Он заимствует направо и налево, как это было принято, и с шекспировским оправданием, что он улучшает все, что крадет. Он помогает себе сотнями пресловутых фрагментов из «Адагии» Эразма,33 и следует многим указаниям из «Похвалы глупости» или «Бесед». Он усваивает полсотни пунктов из Плутарха за много лет до того, как перевод Амиота открыл эту сокровищницу величия для любого грамотного вора. Он присваивает «небесные рассуждения» Лукиана и рассказ Фоленго о самоуничтожившейся овце; он находит в комедиях своего времени историю о человеке, который сожалел, что вылечил свою жену от бессловесности; он использует сотню предложений из сказок и интерлюдий, дошедших до нас из средневековой Франции. При описании путешествий Пантагрюэля он опирается на повествования, которые вели исследователи Нового Света и Дальнего Востока. И все же, несмотря на все эти заимствования, нет автора более оригинального; только у Шекспира и Сервантеса мы находим столь пышущие жизнью творения воображения, как монах Джон и Панург. Однако сам Рабле — главное творение этой книги, это композиция из Пантагрюэля, монаха Джона, Панурга, Эразма, Везалия и Джонатана Свифта, лепечущих, бурлящих, разбивающих идолов, любящих жизнь.
Поскольку он любил жизнь, он гнобил тех, кто делал ее менее привлекательной. Возможно, он был слишком суров с монахами, которые не могли разделить его гуманистическую набожность. Должно быть, его когтями цапнул один или два адвоката, потому что он мстительно рвет их шерсть. Запомните мои слова, — предупреждает он своих читателей, — «если вы проживете еще шесть олимпиад и возраст двух собак, вы увидите этих юридических котов повелителями всей Европы». Но он обрушивает свой кнут также на судей, схоластов, теологов, историков, путешественников, торговцев индульгенциями и женщин.

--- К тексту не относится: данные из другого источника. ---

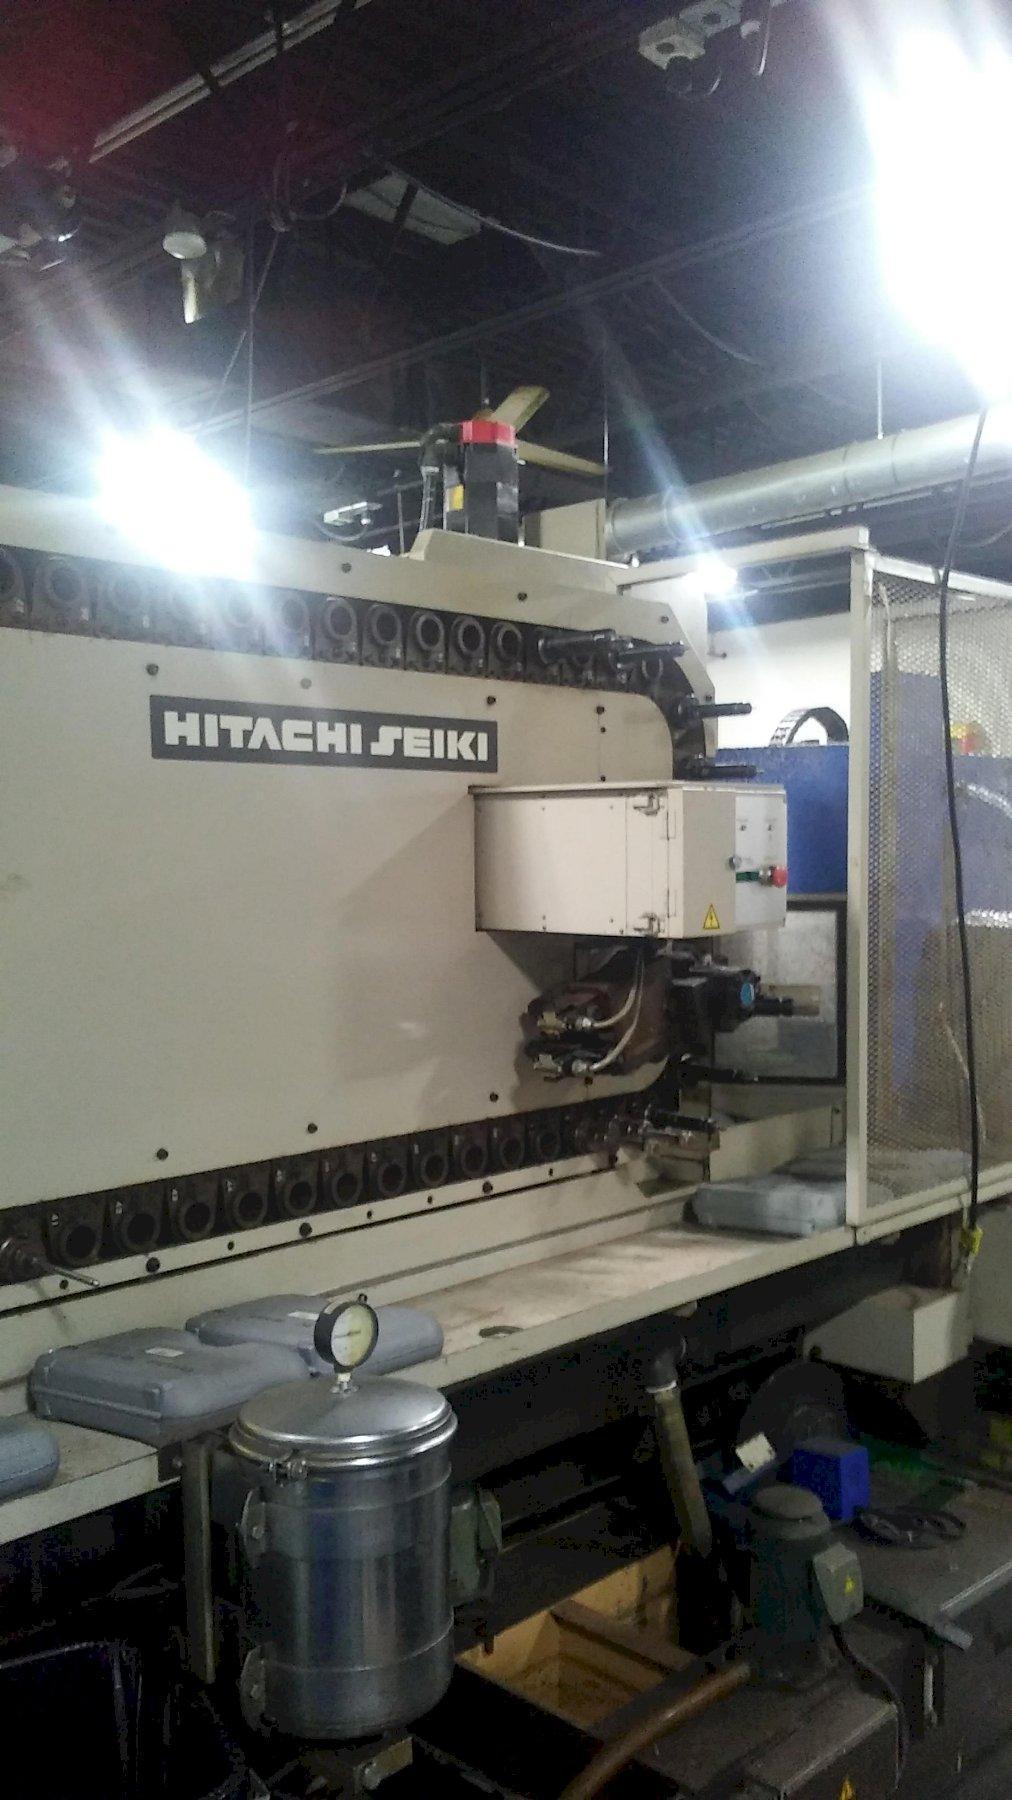 Hitachi Seiki Model HC-400 CNC Horizontal Machining Center, with Fanuc 15M.

Во всей книге нет ни одного доброго слова о женщинах; это самое слепое пятно Рабле, возможно, цена, которую он заплатил, будучи монахом, священником и холостяком, за то, что никогда не заслужил нежности.
Партизаны спорили, был ли он католиком, протестантом, вольнодумцем или атеистом. Кальвин считал его атеистом; а «мое собственное убеждение, — заключал его любовник Анатоль Франс, — состоит в том, что он ни во что не верил».34 Временами он писал как самый непочтительный циник, как, например, на языке погонщика овец о наилучшем способе удобрения поля (IV, vii). Он высмеивал пост, индульгенции, инквизиторов, декреталии и с удовольствием объяснял анатомические требования к тому, чтобы стать папой (IV, xlviii). Он, очевидно, не верил в ад (II, xxx). Он повторял доводы протестантов о том, что папство истощает золото народов (IV, liii) и что римские кардиналы ведут жизнь обжорства и лицемерия (IV, lviii-lx). Он сочувствует французским еретикам; Пантагрюэль, по его словам, недолго оставался в Тулузе, потому что там «сжигают заживо своих регентов, как красные селедки», ссылаясь на казнь еретического профессора права (II, v). Но его протестантские симпатии, похоже, ограничивались теми, кто был гуманистом. Он с восхищением следил за Эразмом, но лишь слегка благоволил к Лютеру и с отвращением относился к догматизму и пуританству Кальвина. Он был терпим ко всему, кроме нетерпимости. Как и почти все гуманисты, когда его ставили перед выбором, он предпочитал католицизм с его легендами, нетерпимостью и искусством протестантизму с его предопределением, нетерпимостью и чистотой. Он неоднократно подтверждал свою веру в основы христианства, но, возможно, это было благоразумием человека, который, отстаивая свои взгляды, был готов пойти исключительно на костер. Ему так понравилось его определение Бога, что он (или его продолжатель) повторил его (III, xiii; V, xlvii). Он, по-видимому, принимал бессмертие души (II, viii; IV, xxvii), но в целом предпочитал скатологию эсхатологии. Фарель назвал его отступником за то, что он принял пасторство в Мёдоне,35 Но это было воспринято и дарителем, и получателем как просто способ питания.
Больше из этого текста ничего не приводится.